Anyway, just think about that scene and by extent those few other scenes where we get to see Brian’s reaction to the bashing quite a bit. It’s such an intensely vulnerable and traumatized part of him, I think because it’s unlike anything else he’s experienced. He lived through a home life that was abusive and alcoholic and frigid and awful. We never learn what his school life was like other than that he protected Michael but I’m sure it wasn’t great. I’m sure there was other shit too. But it’s completely different to see someone he cared about get bashed in the head and be completely and utterly helpless the entire time. It’s something he seems to linger on, the fact that there was nothing he could do. He couldn’t stop Chris Hobbes, and then he couldn’t help when the paramedics got there, and then he couldn’t face Justin in the hospital, etc etc. He absolutely thinks it’s his fault.

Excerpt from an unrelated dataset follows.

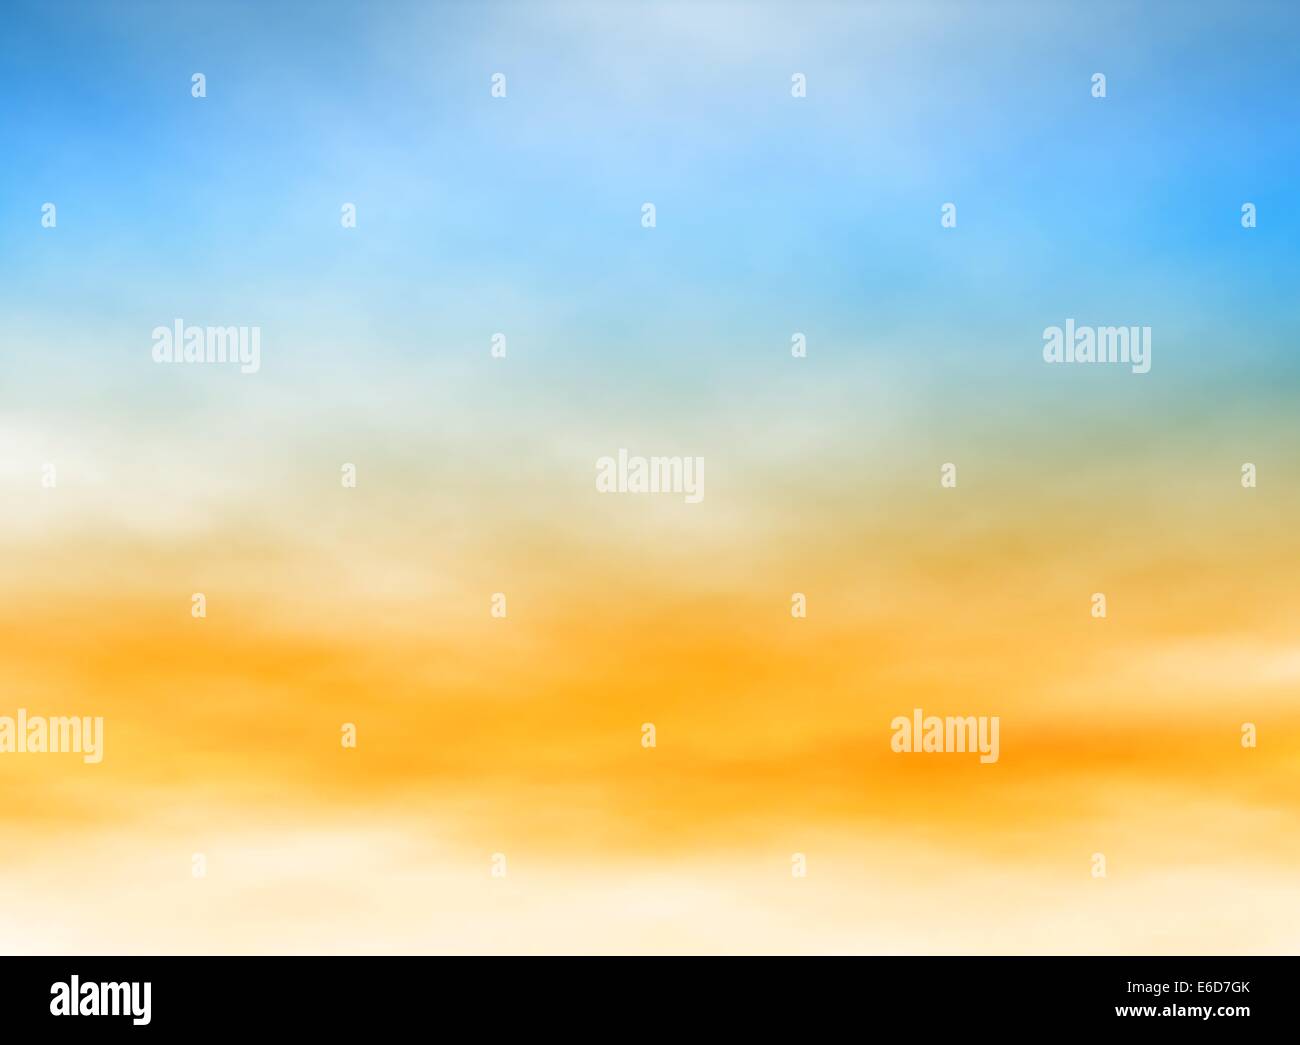 Editierbare Vektor-Illustration von hohen neblige Wolken in einem blauen und orangefarbenen Himmel mit einem Verlaufsgitter gemacht Stock Vektor

And I think he never really gets over that. He never really manages to let go of the idea that maybe Justin wouldn’t have had to go through all that if it wasn’t for him. I don’t think he ever thinks that Justin might be attached to him or vice versa because of that guilt/blame, but I think it’s a self-blame that he beats himself up over. And I think the fact that Justin never remembers is also painful. Because he’s the only person who remembers. Maybe if Justin remembered, he wouldn’t linger on it. Maybe if Justin remembered they’d have worked through it together. But Justin’s time with the Posse and with Rage and all that is him working through a trauma that he’s experiences only through effects, rather than memories. Brian is the only one walking around with the actual images in his head of that night: the good mixed with the bad and I think that’s what makes it so much worse.